:: THE RECORDS
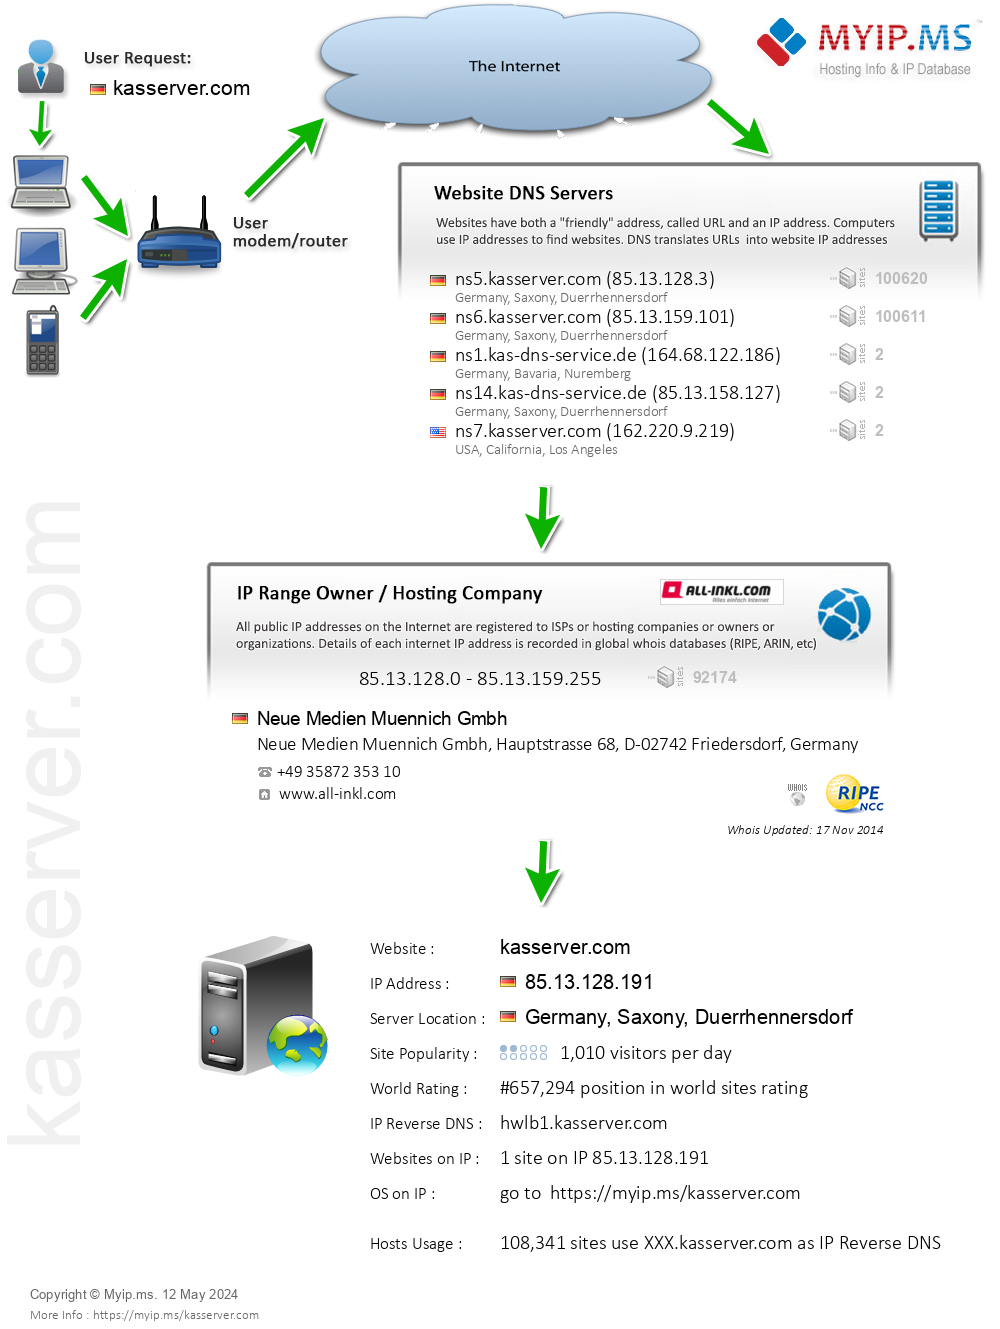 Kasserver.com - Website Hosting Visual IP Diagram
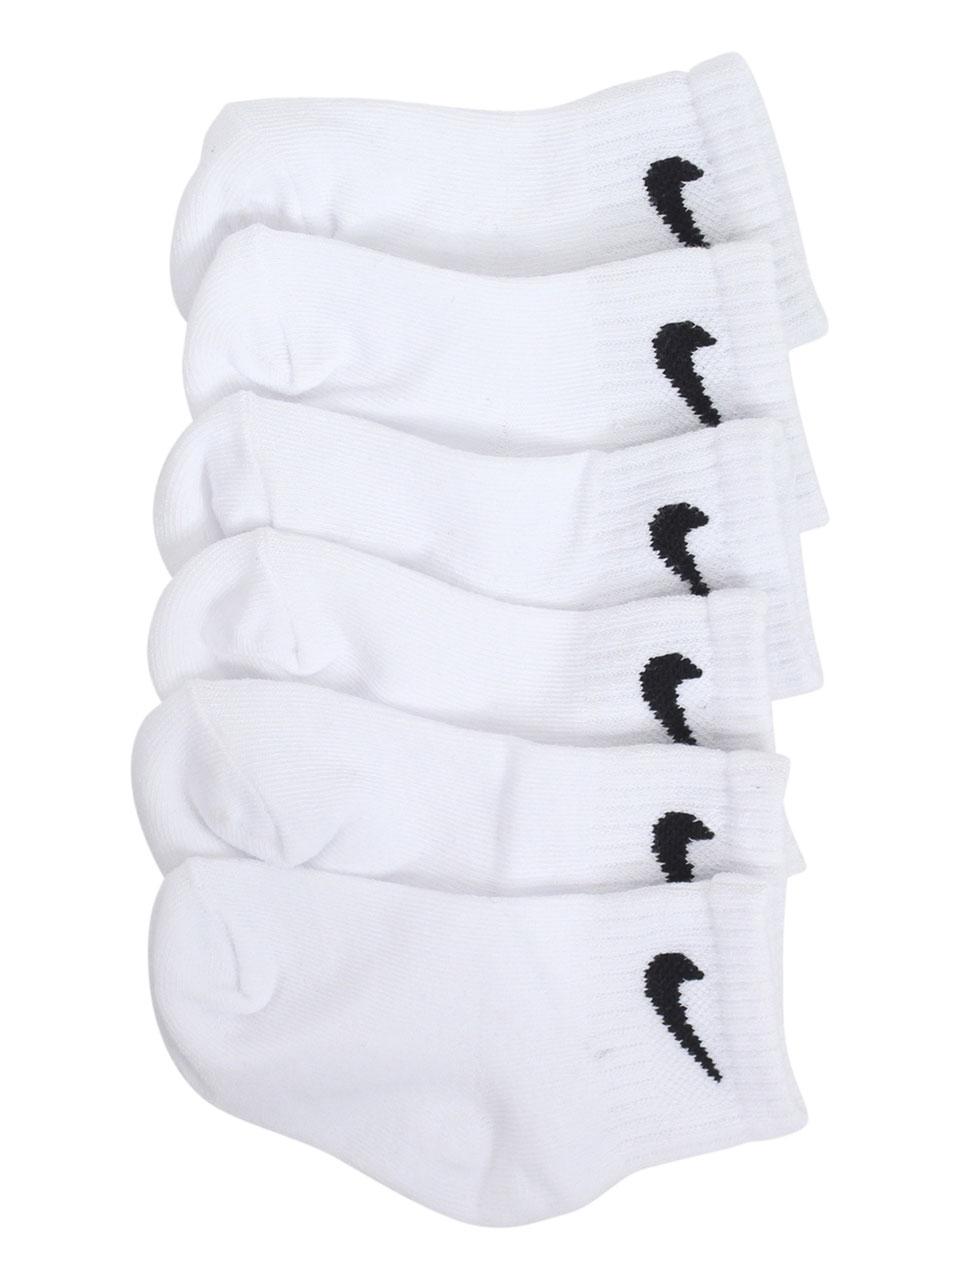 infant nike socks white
::::
:: THE RECORDS
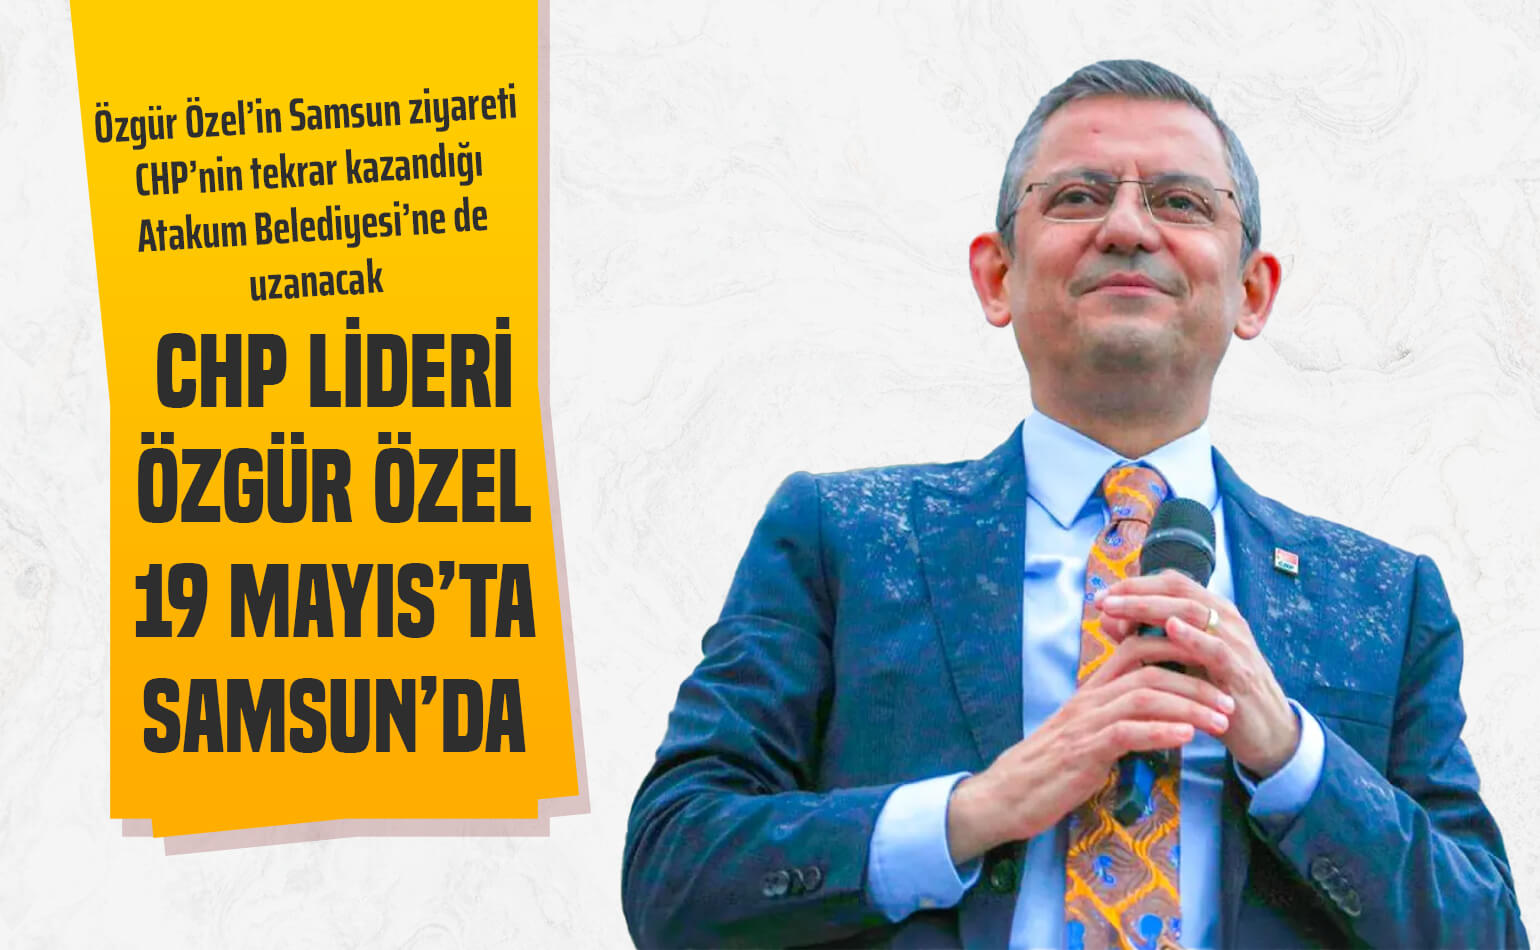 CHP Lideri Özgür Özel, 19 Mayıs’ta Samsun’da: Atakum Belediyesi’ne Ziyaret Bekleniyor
::::
WHAT IS EXPECTED
Output exactly the stretch of the listing that begins at the line containing "Kasserver.com - Website" and ends at the line containing "infant nike socks white", both kept. Omit pictures and everything else.

YOUR SOLUTION
 Kasserver.com - Website Hosting Visual IP Diagram
 infant nike socks white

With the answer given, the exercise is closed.